A few days later my therapist came to see me in my home. I was calm, offered her a cup of tea and felt that I needed to tell her everything that had happened… which I shouldn’t have done… after more than one hour of discussion she asked me if I could come with her to the hospital and as I trusted her, I came along… saw a psychiatrist… couldn’t lie… ended up in the psychiatric ward… felt like I was suffocating (I mean, “average Joe” probably wouldn’t enjoy being locked in either… and would react when people use violence), resisted and got chained in one of those beds where one cannot move and gets really non-respectably treated… One “funny” thing in my story is that I have done voluntary work for a non-profit Peace and Non-violence Movement with people like Dalai Lama participating ;-).
Sean, you’ve really inspired me to actually do something actively to help myself to get a descent life… for I do not wish to continue to take 4 different medicines… 8 pills a days and feel like a robot.

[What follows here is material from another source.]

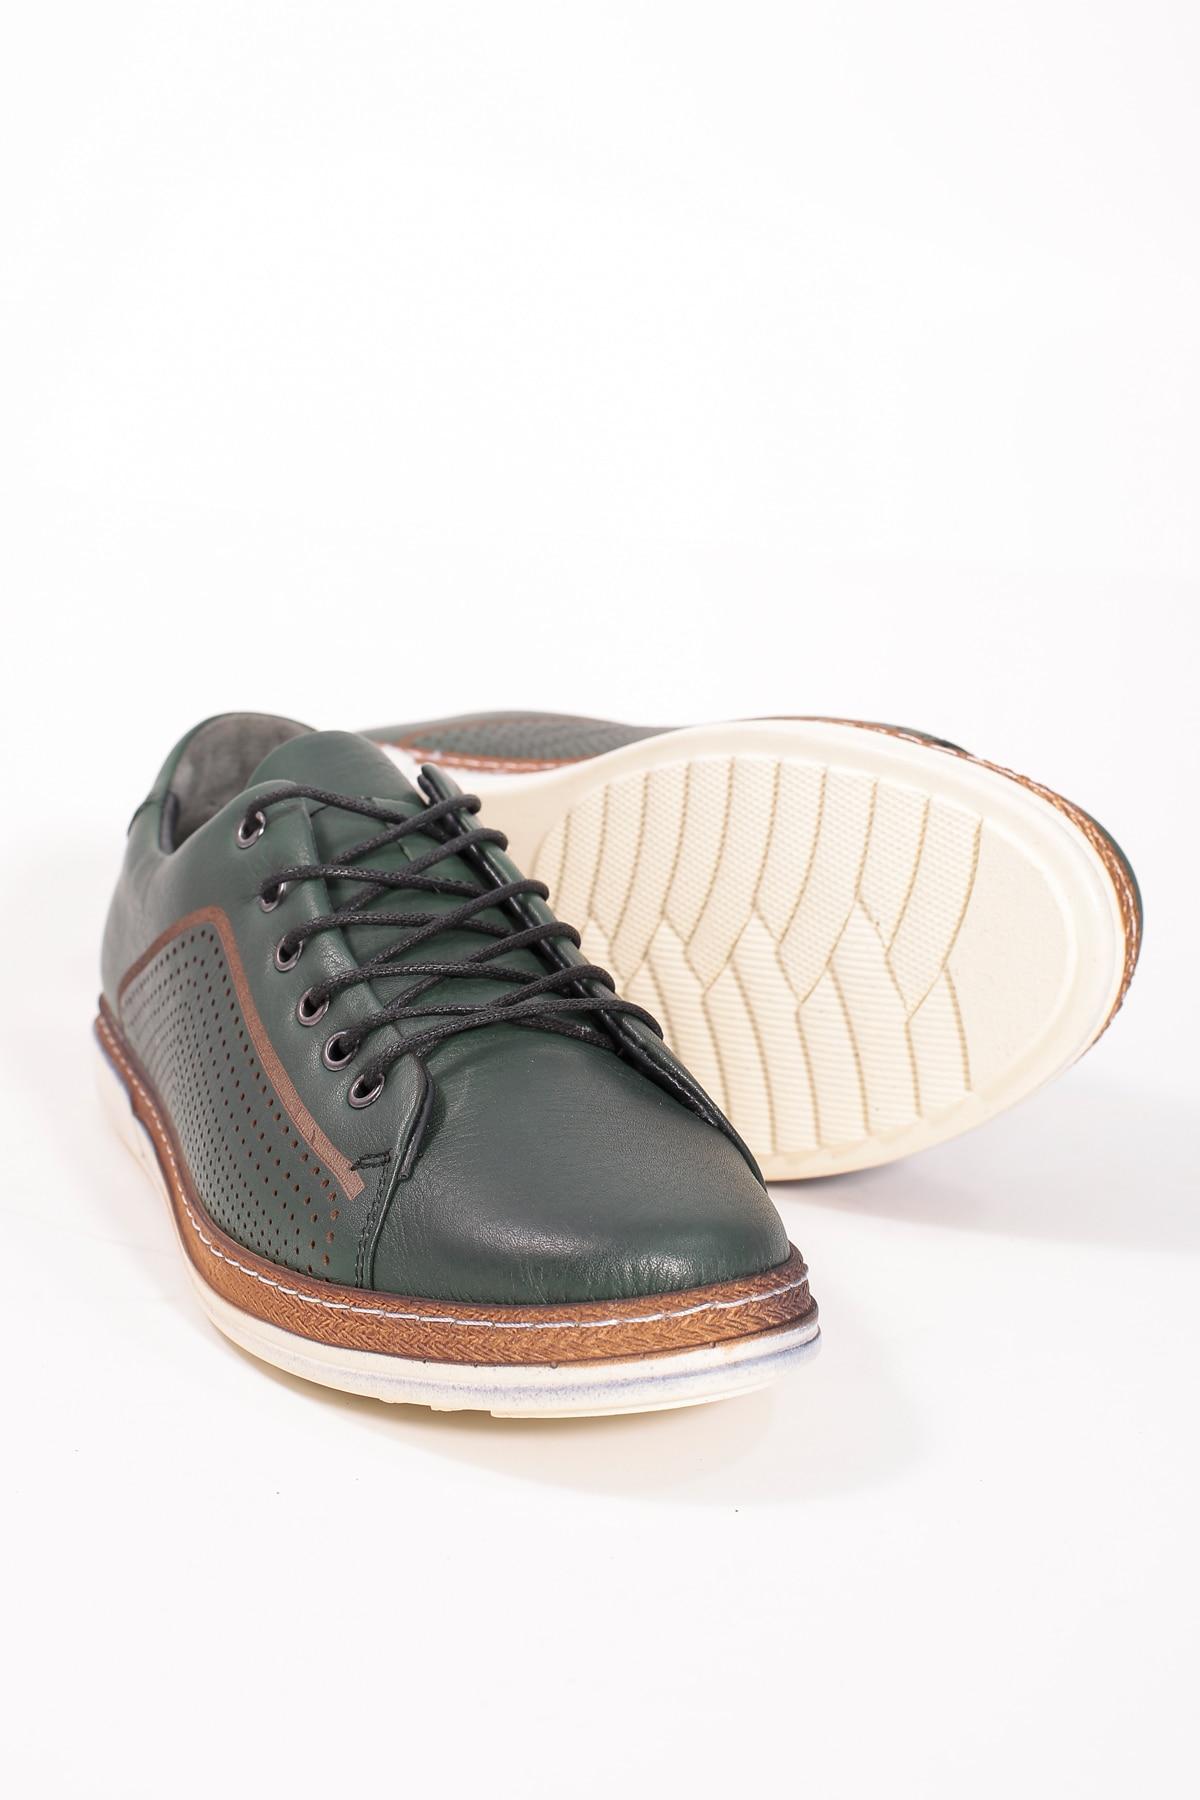 Khaki Color Lace-Up Casual Shoes casual lace up color splice skate shoes

I shared info about your way of healing with my psychiatrist… he wasn’t very happy… but I gave him some links to your You Tube info and said that I’m going to try to find my own path to become healed. I do not believe in medicines anymore… but I won’t just stop taking them all on one day… I think it’s better to do it gradually…
Now my problem is that people around me want me to go to the hospital when I get “messy” and they do not recognize me… my best friend, for instance, has the same diagnosis but she believes in the psychiatrists/medicines… so I don’t feel very unconditionally loved when I meet her when being euphoric and sensing oneness with the universe… and my mum absolutely wants me to end up hospitalised… I just cannot trust people I know when I get “unbalanced”…
Well, Sean, all of this is not your problem. I am sure I can find people who I can trust and who are ready to lovingly take care of me if I get psychotic again… All I basically wanted to say is that I am eternally grateful to you for showing me another way out of this Bipolarity that I have gotten tagged with by the docs.
Thank you for doing such a great job inspiring people to Wake Up!